Carillon

St John the Baptist is also celebrated at the heart of ​​St John’s Kirk’s famous collection of bells – the largest collection in the British Isles.

The carillon, which is played regularly, consists of thirty-five of these bells. They include the largest bell in the collection, the early 16th century “Bourdon” (the Johannes Baptista), which is the keynote bell, with a further 34 bells cast in 1935. 

The inscription round the top of the ‘Bourdon’ reads:

Johannes Baptista Vocor Ego
Vox Clamantis in Deserto
Mechlin Petrus Waghevens Me Fo’ mavit
Sit Benedictus Qui Cuncta Creavit. MCCCCCVI

John the Baptist I am called
The voice of one 
crying in the wilderness.
Peter Weghevens made me 
Let Him be blest who created all things. 1506

Beneath the inscription is a small image of John the Baptist.


In the lower right hand corner of the Gow window in the south aisle is a picture of King David, the psalmist, playing a set of bells, with hammers. 

From St John’s tower the ‘Bells of Perth’ have rung out over the centuries, marking great state occasions, telling the time, and calling parishioners to worship.
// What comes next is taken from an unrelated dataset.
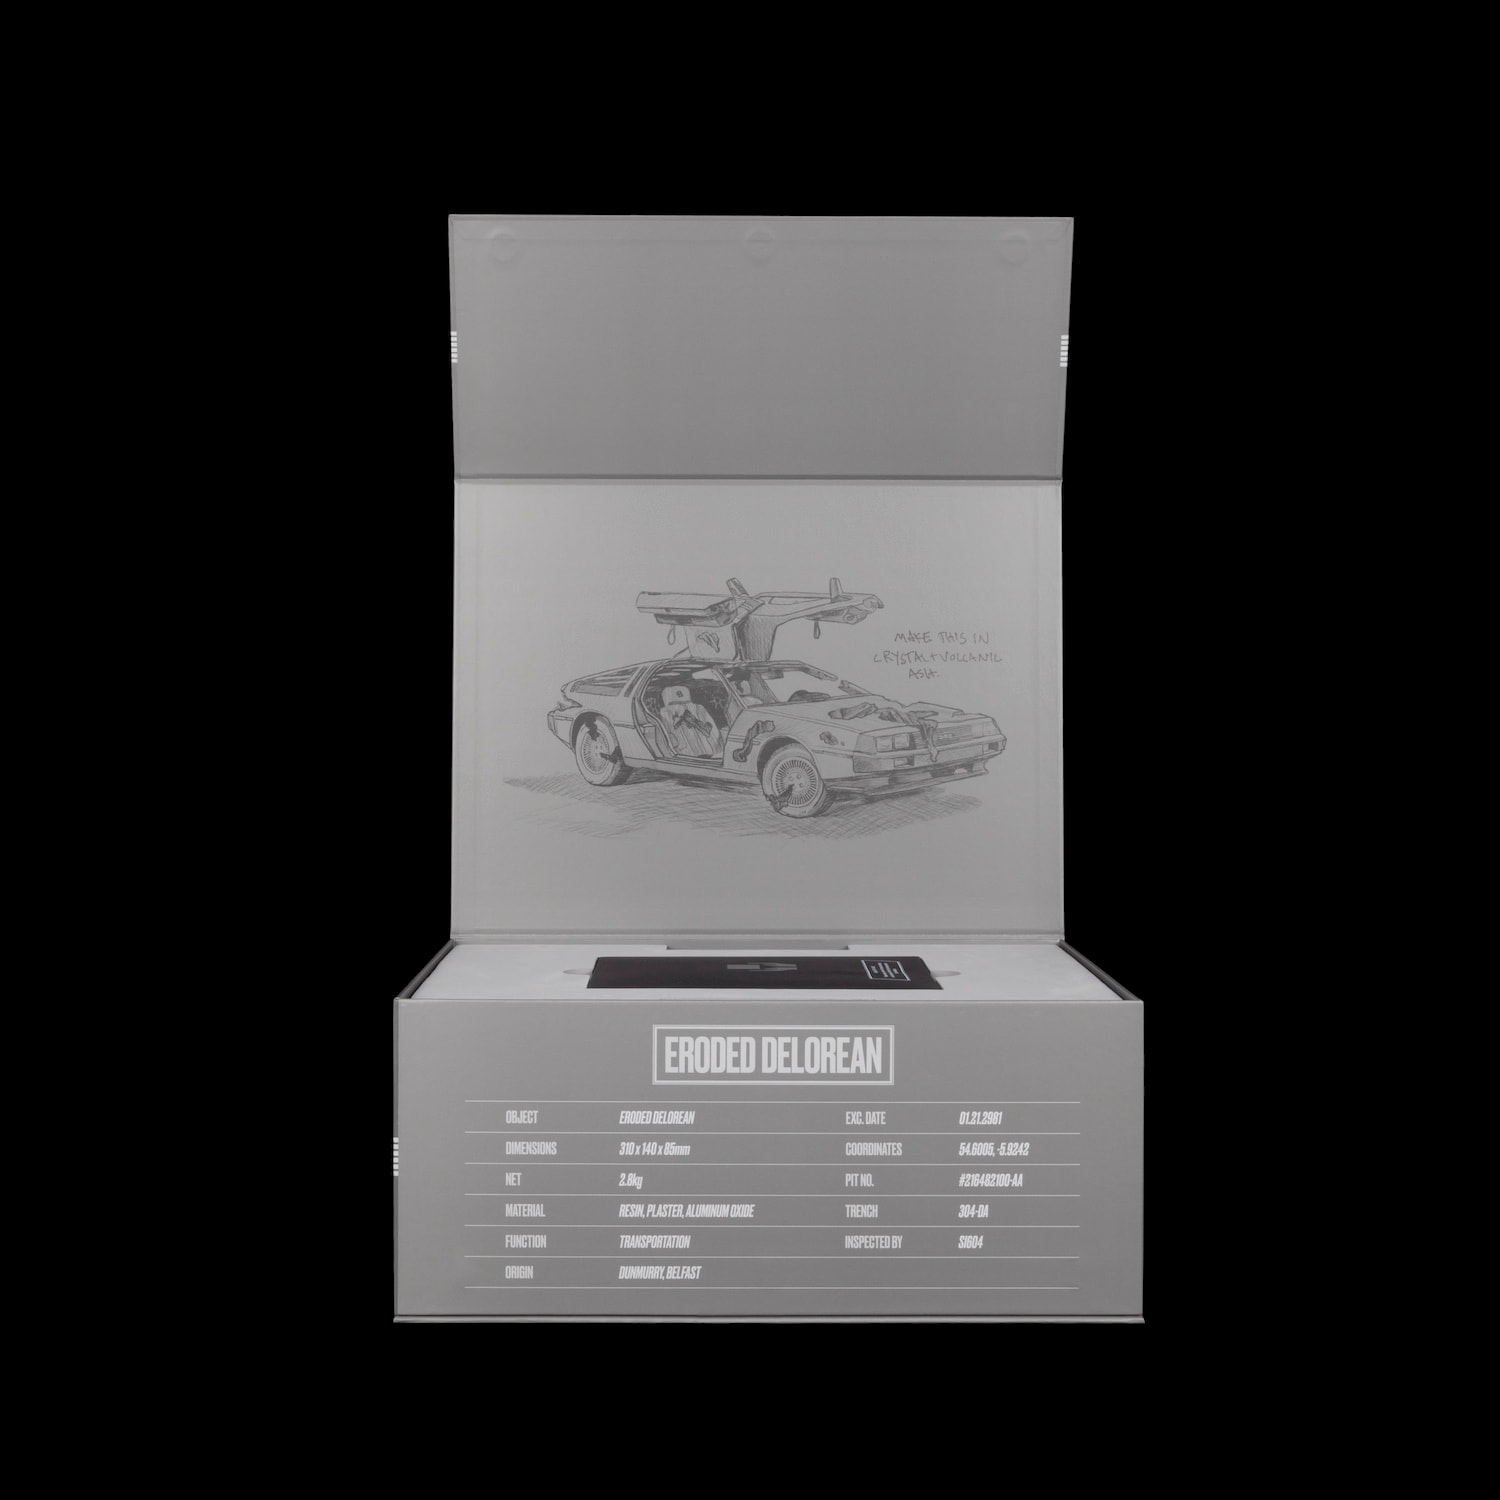 Archive Editions 携手 Daniel Arsham 发布全新限量艺术作品《被侵蚀的 DeLorean》

There are 63 bells, eight of which were cast before the Reformation, and might have been heard by John Knox.

This modern carillon was promoted by Mr Melville Gray, of Bowerswell House, and installed in 1935 at a cost of £3,000, paid for by many donors, including, notably, Melville Gray, himself. Some of the donors chose to have a bell inscribed with the name of a family member killed in the Great War.